In the process of optimizing the storage environment for SharePoint, BLOB externalization accomplishes some critical goals.  It is no secret that relational databases (including SQL Server) are not the ideal place to store large pieces of unstructured data.  No, this isn’t a dig at SQL Server but rather stating the obvious fact that a system optimized for the storage of highly relational, fine-grained transactional data is not an ideal place to store large pieces of unstructured data.

The problem with SQL Server is that the performance cost related to storing BLOBs in the database is expensive.  If you consider the RPC call between the web server and the database that contains a large payload (metadata plus the BLOB) and the IO, processor, and memory requirements for storing the BLOB, you have a very expensive process.  Yes, it is true that Microsoft has optimized BLOB performance in the subsequent releases of SQL Server, but it is still more optimal to store BLOBs outside of the database when you consider a typical SharePoint farm under load or the process for executing a bulk operation such as a full crawl.  The updated guidance from Microsoft would certainly support this assertion.
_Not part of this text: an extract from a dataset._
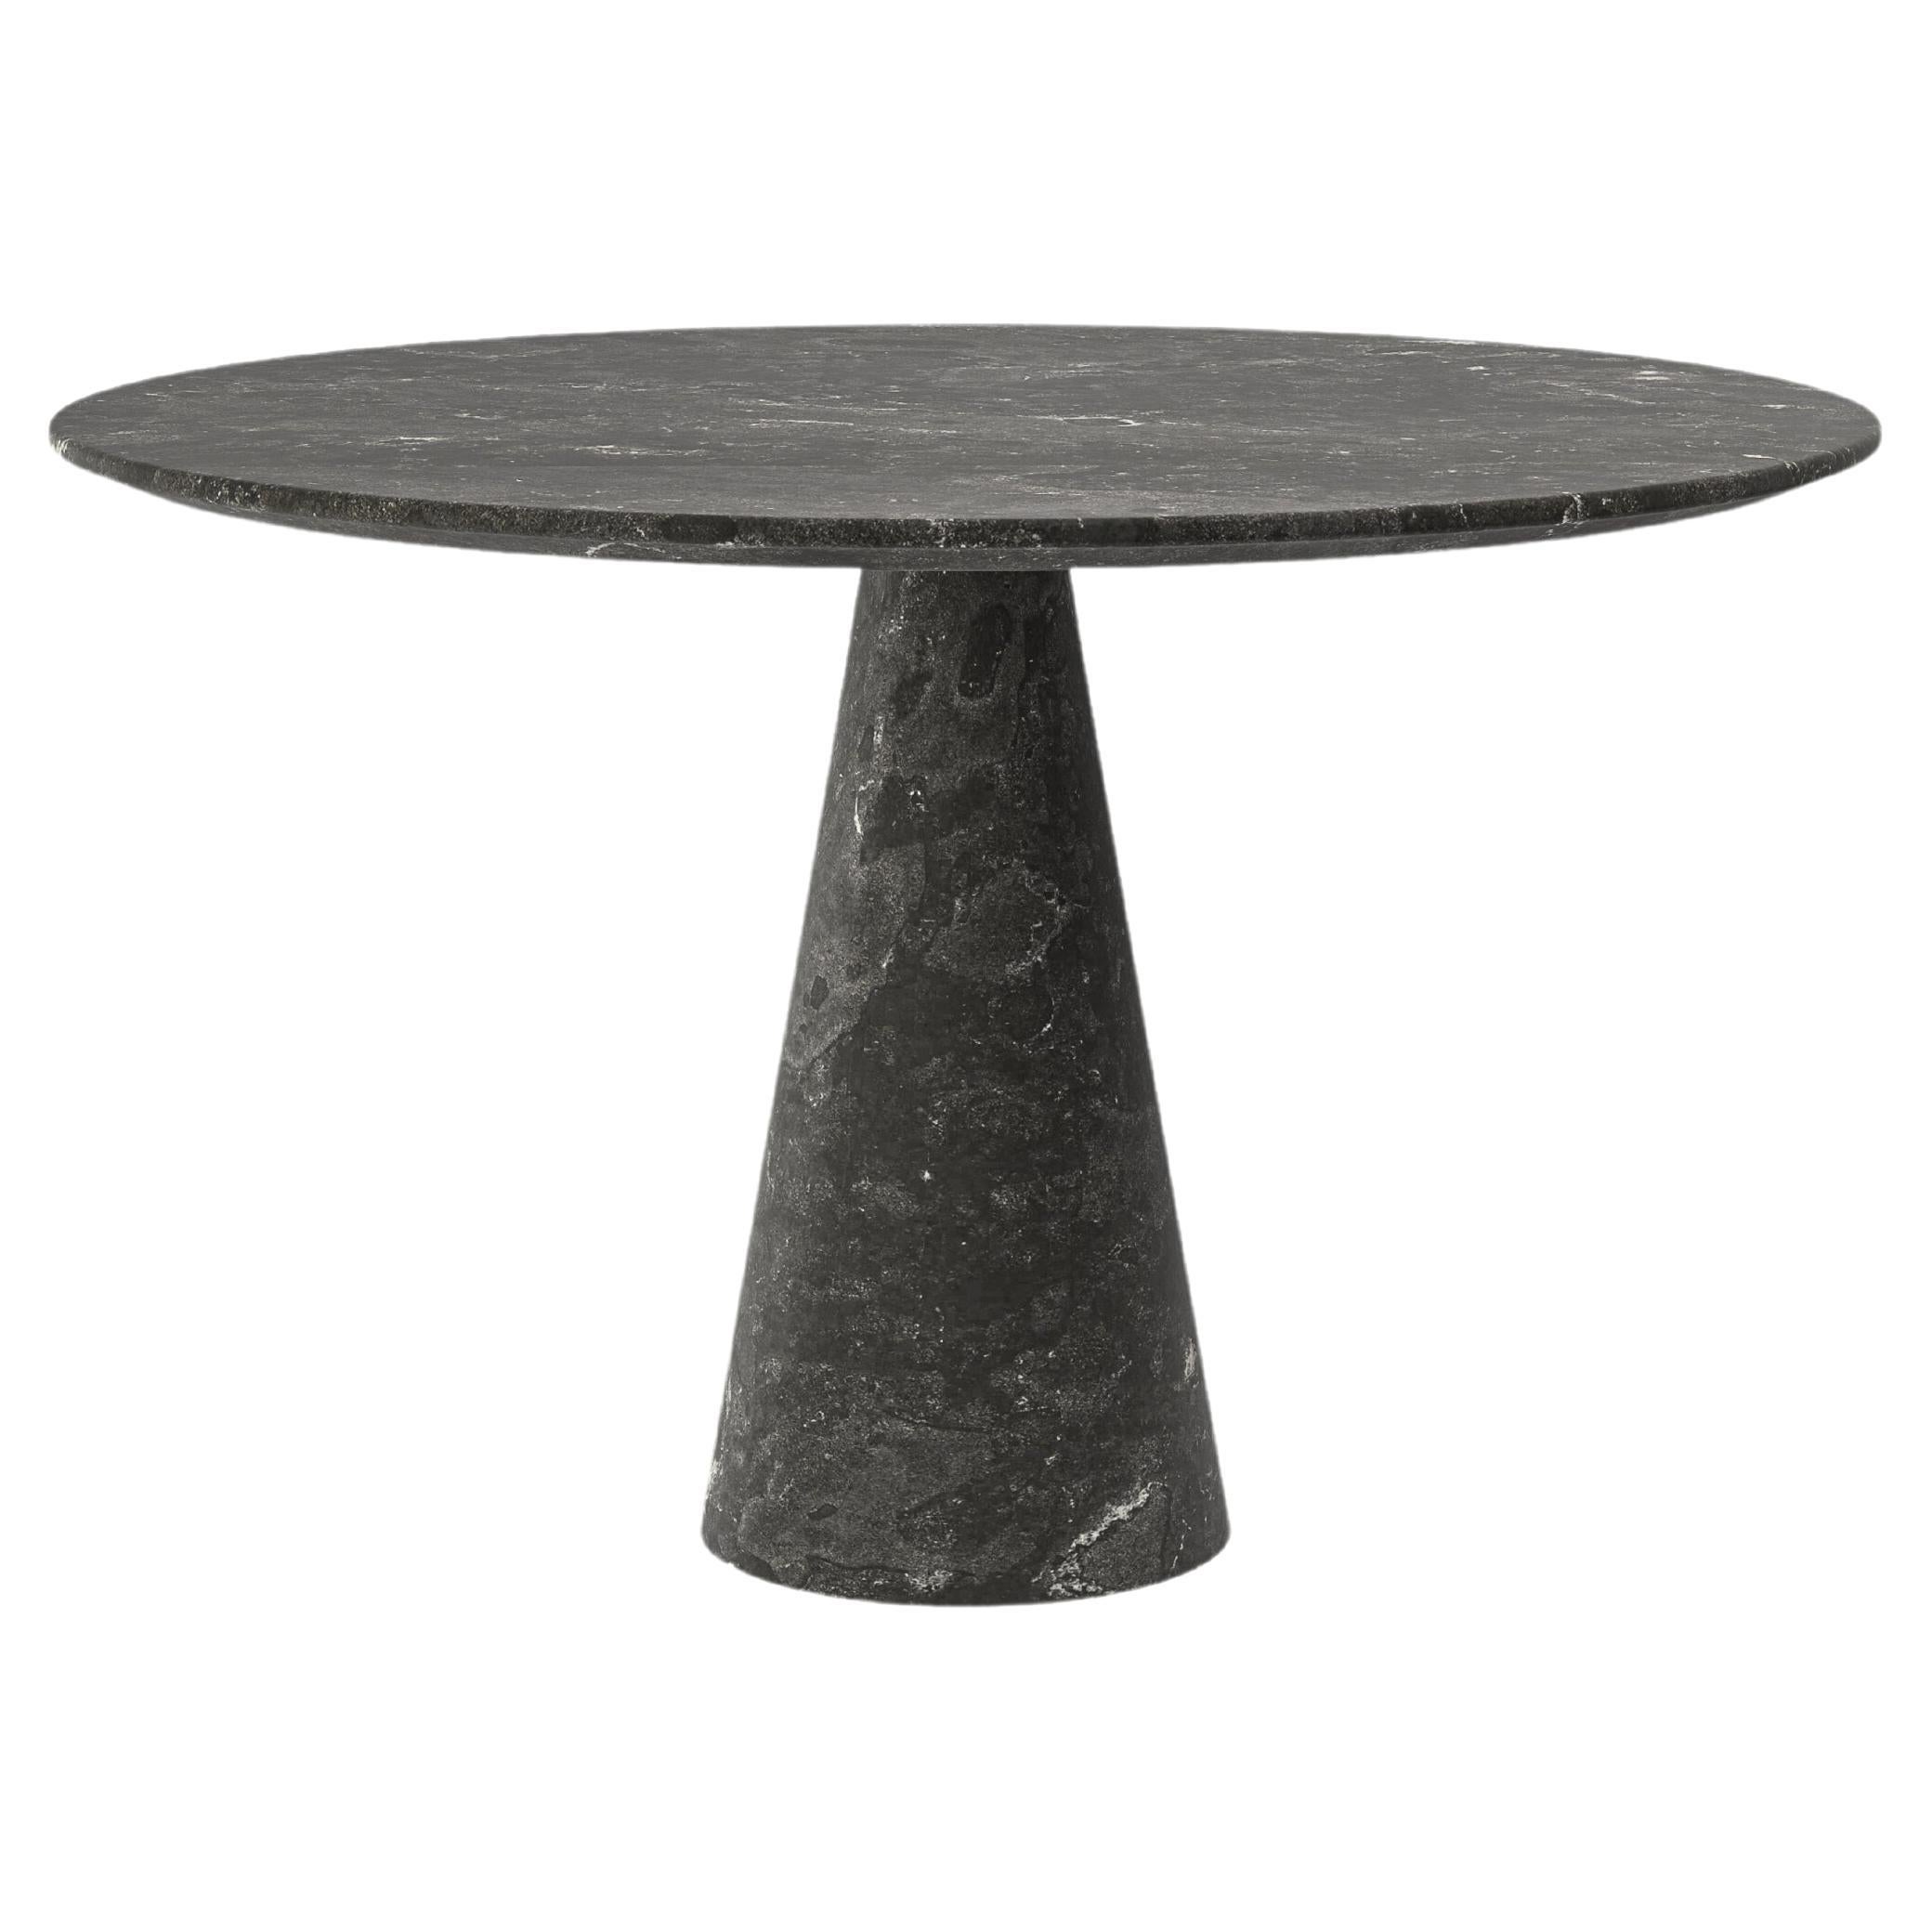 FORM(LA) Cono Round Dining Table 54”L x 54"W x 30”H Nero Petite Granite For Sale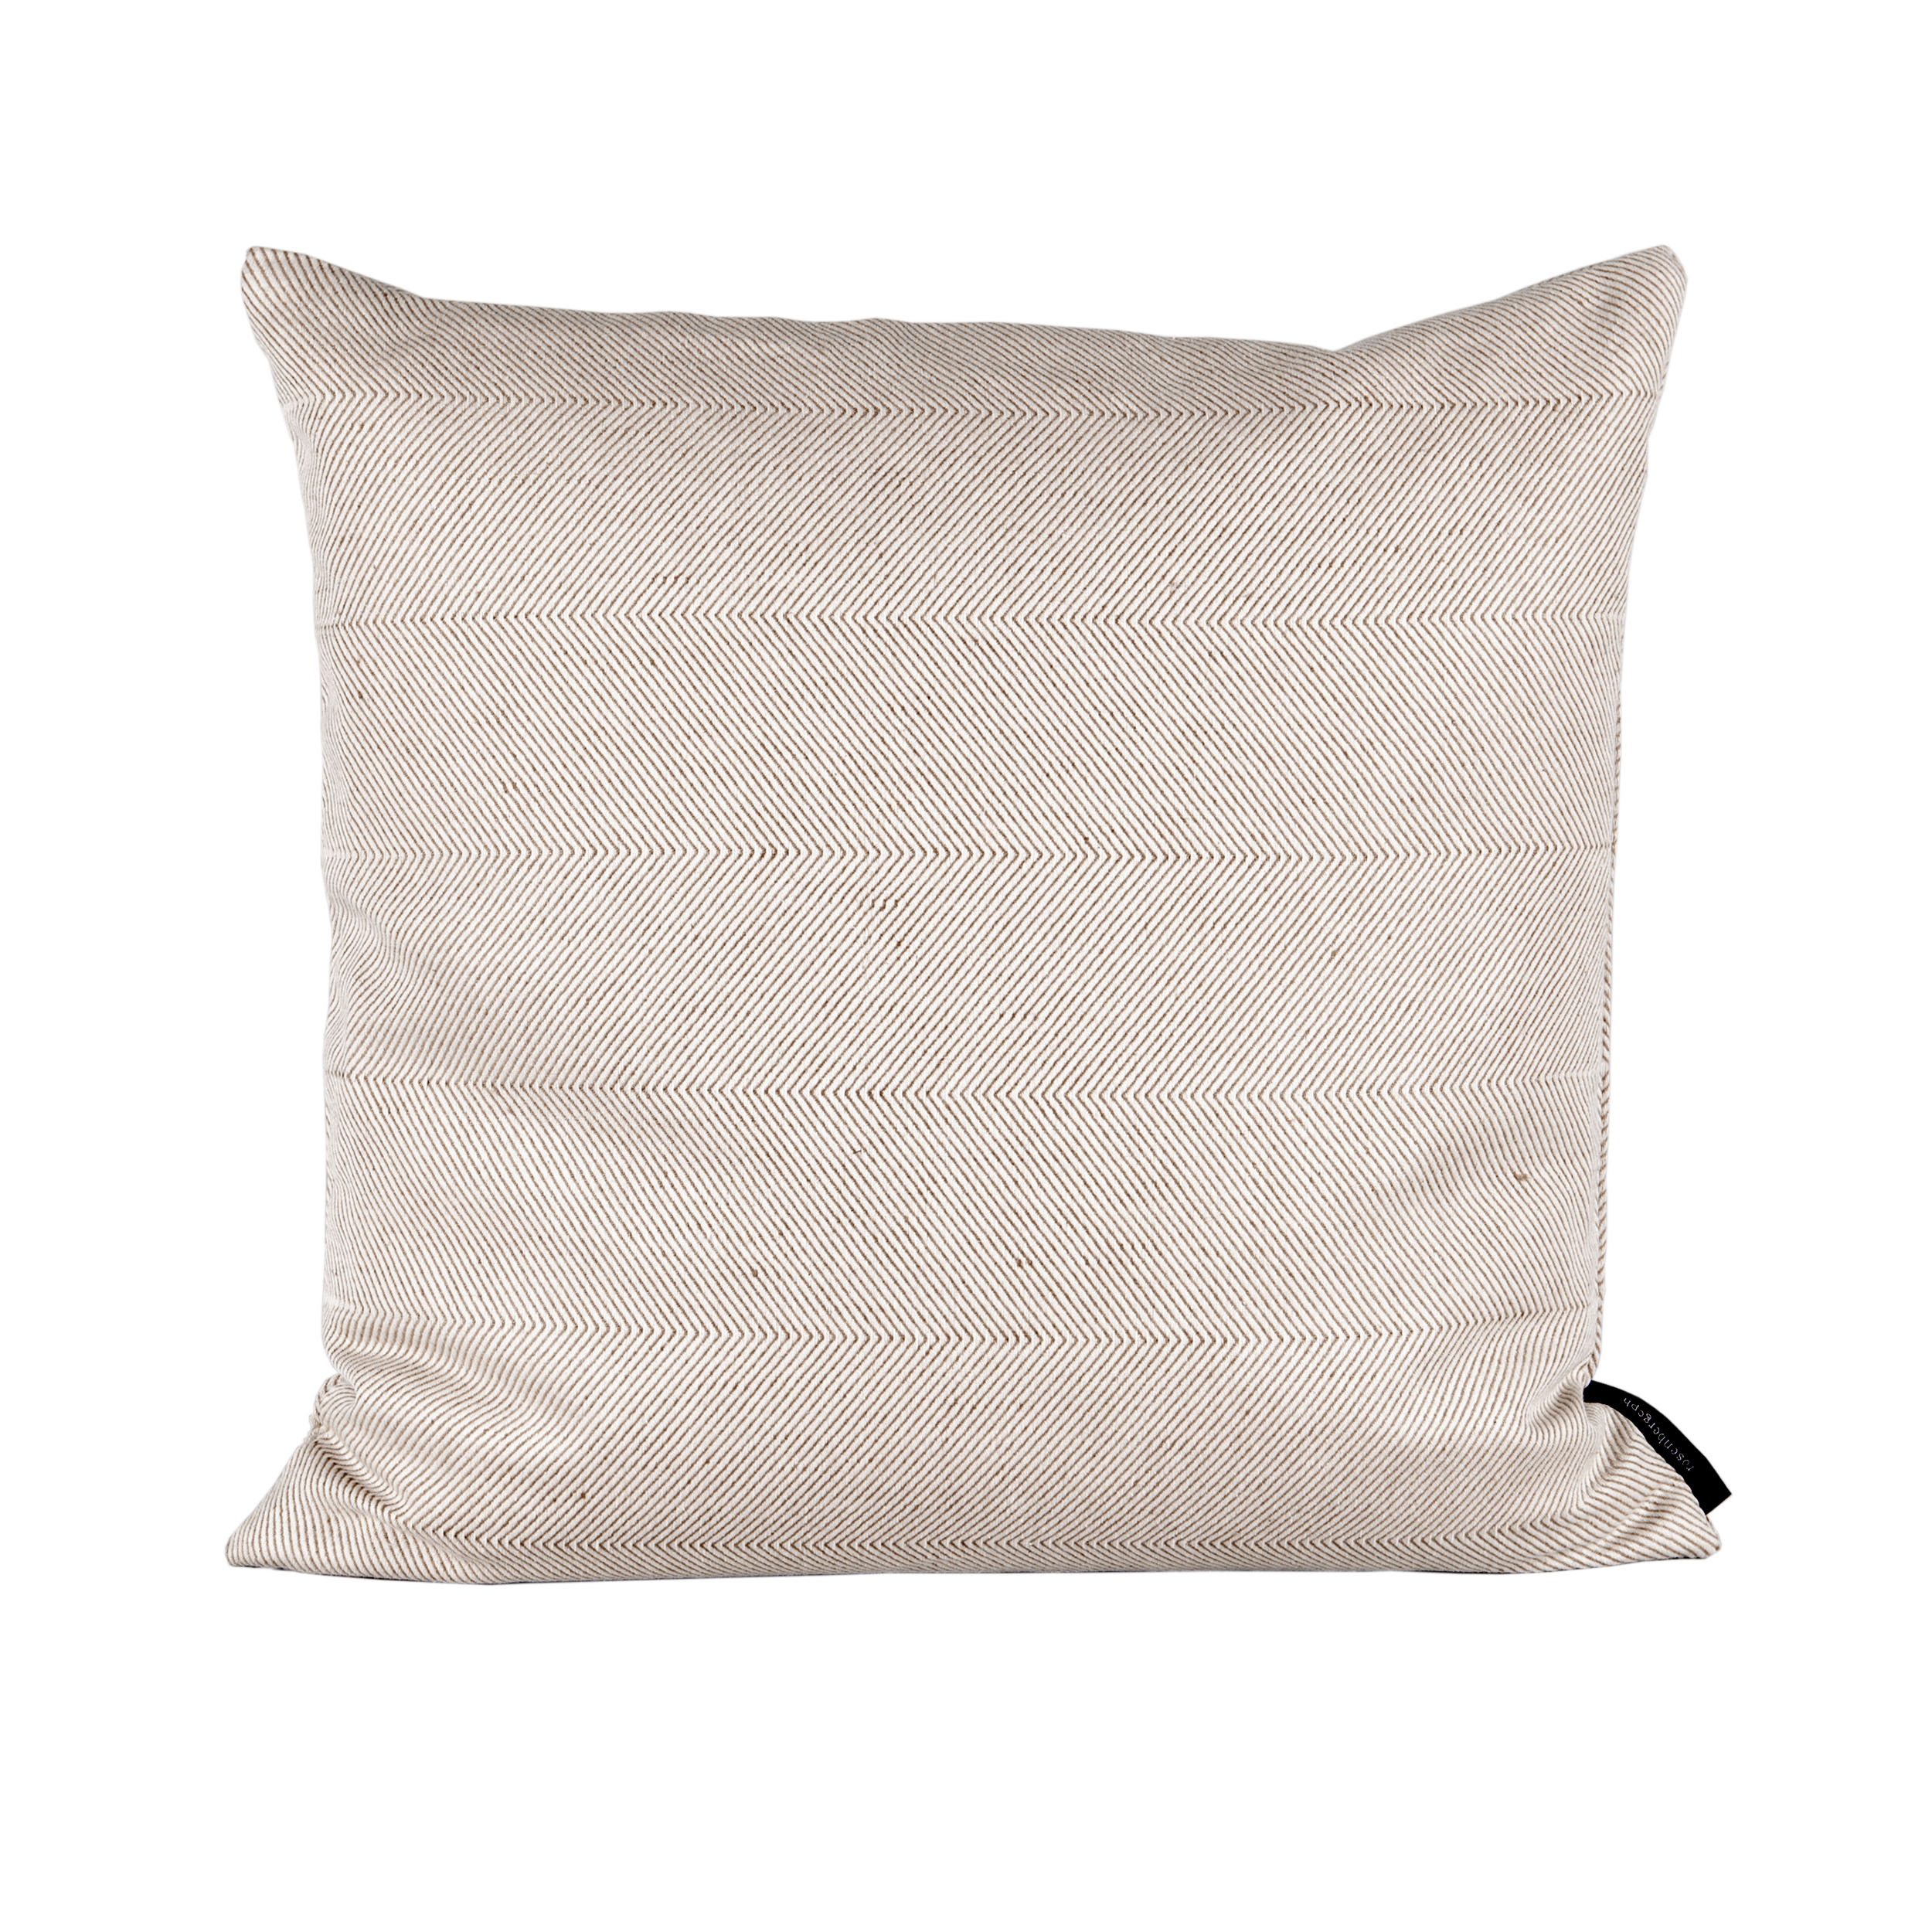 Square cushion linen/cotton Light Almond, design by Anne Rosenberg, RosenbergCph

Microsoft itself has documented this fact in many of its own publications and even alluded to the initial value of BLOB externalization as being a way to improve the performance of your SharePoint environment.  Additionally SQL Server is very rigid in terms of the type of storage it can leverage and methods in which you back up the environment.  This brings me to my next point.  What was the intent of providing BLOB externalization interfaces within the SharePoint product in the first place?

The original sizing guidelines/limitation for content databases with WSS 3.0/SharePoint 2007 was 100 GB (collaboration sites).  With SharePoint 2010 Microsoft increased the size limit to 200 GB and changed the limit yet again with Service Pack 1 for SharePoint 2010 (more on this later).   These limits proved to be problematic for many looking to implement SharePoint pervasively throughout their organization.  Not only is database growth a problem, there are challenges with segmentation of content to work around database size restrictions, along with SQL Server being a less than optimal place to storage BLOBs.  Additionally backup/restore is challenging as SharePoint environments continued to grow both in size and criticality.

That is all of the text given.